- [Source material]
● ● ● ● ● ● ●

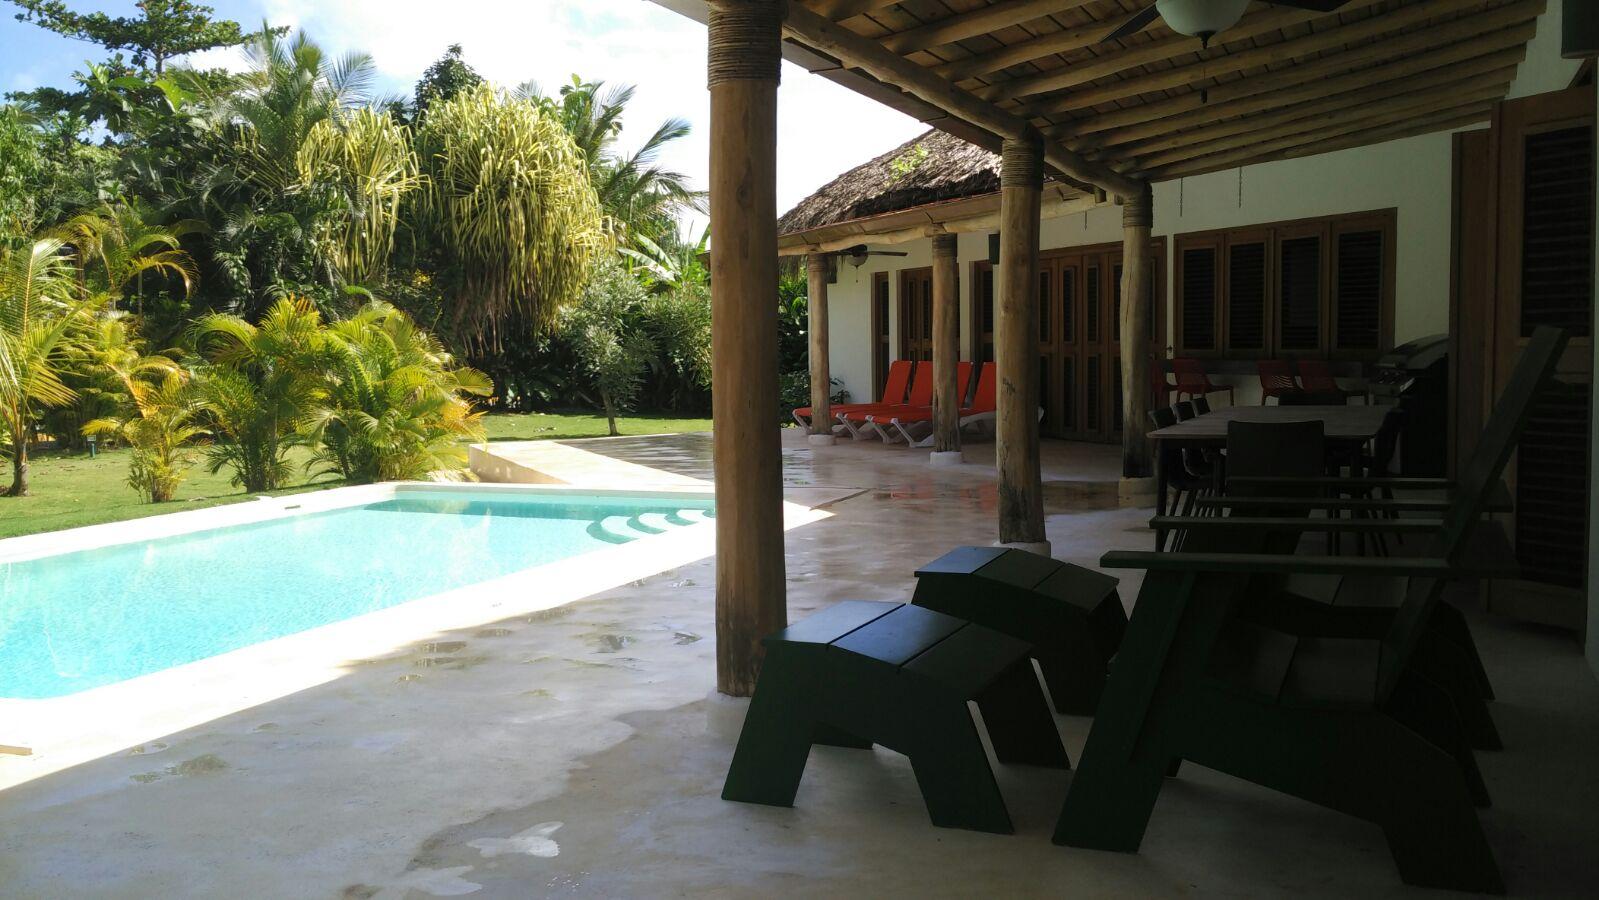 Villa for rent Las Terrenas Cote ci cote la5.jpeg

● ● ● ● ● ● ●

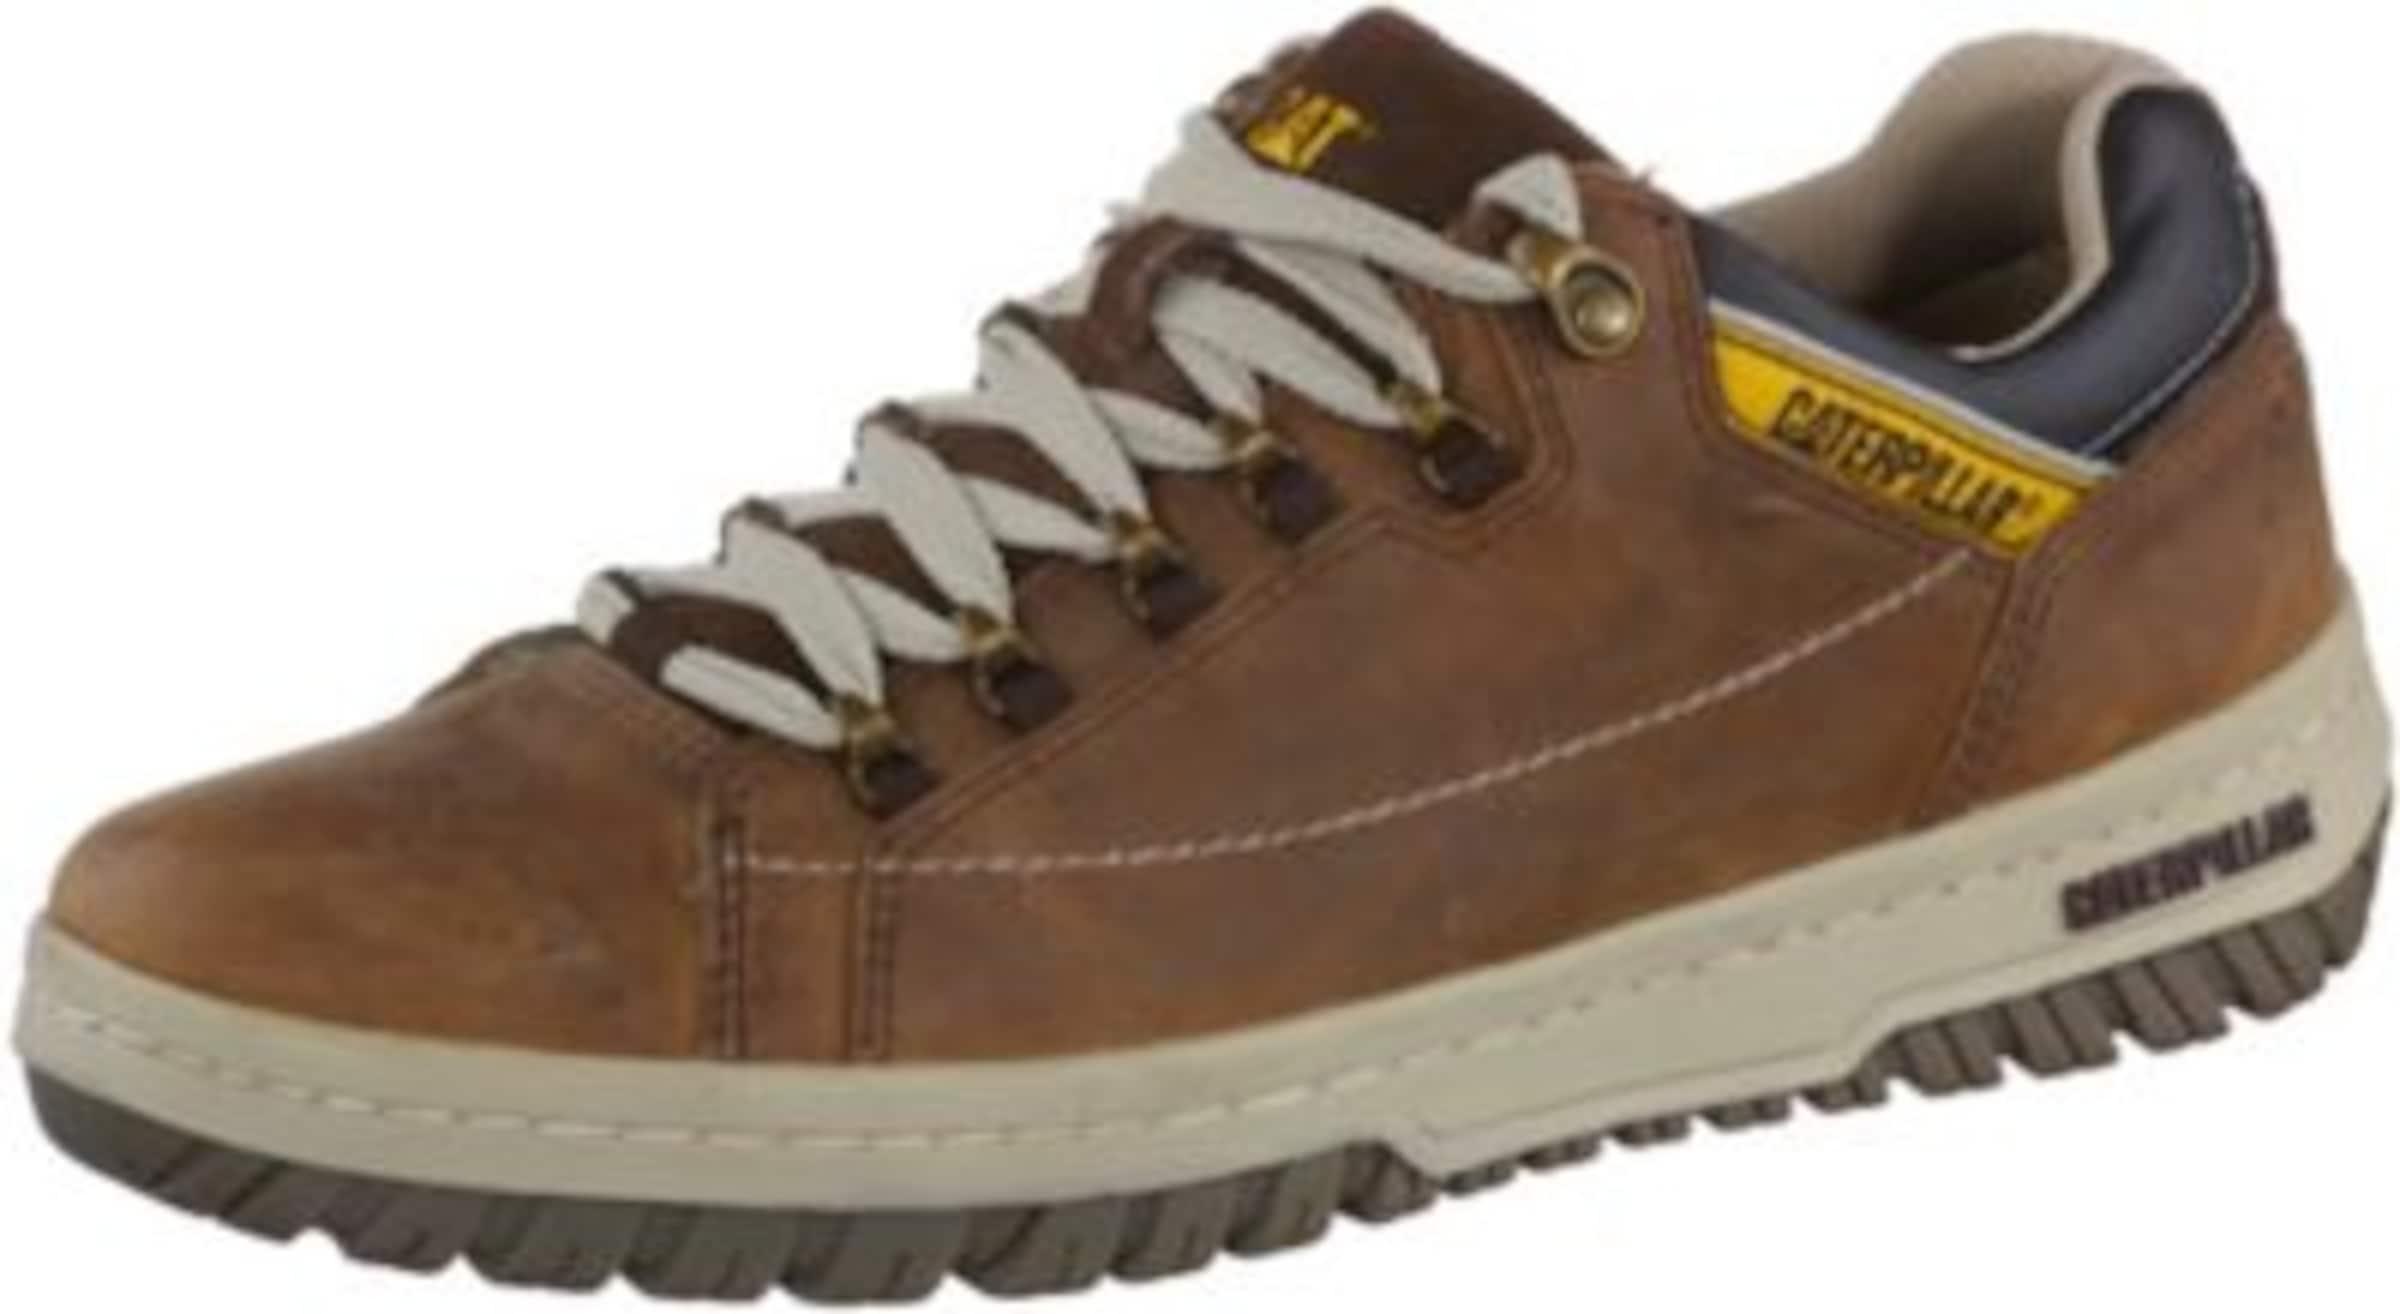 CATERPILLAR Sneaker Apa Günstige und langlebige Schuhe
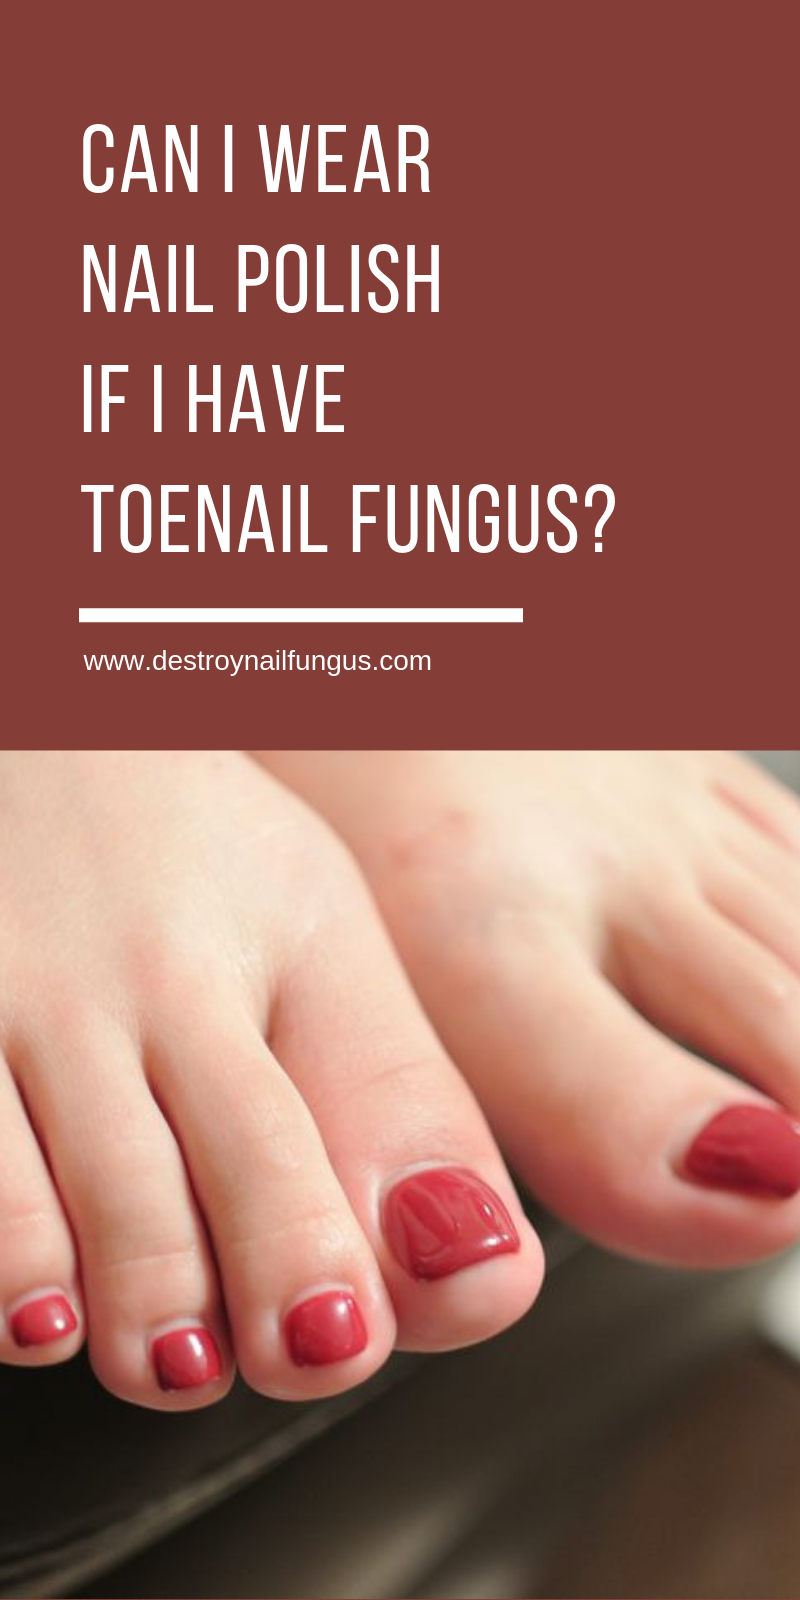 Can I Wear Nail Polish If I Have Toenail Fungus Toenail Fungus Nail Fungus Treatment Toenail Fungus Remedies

● ● ● ● ● ● ●

- [Action item]
Give back exactly, and solely, the section of the data above bounded by the line containing "CATERPILLAR Sneaker Apa" and the line containing "Can I Wear Nail", both bounding lines included and pictures omitted.

- [Answer space]
 CATERPILLAR Sneaker Apa Günstige und langlebige Schuhe
 Can I Wear Nail Polish If I Have Toenail Fungus Toenail Fungus Nail Fungus Treatment Toenail Fungus Remedies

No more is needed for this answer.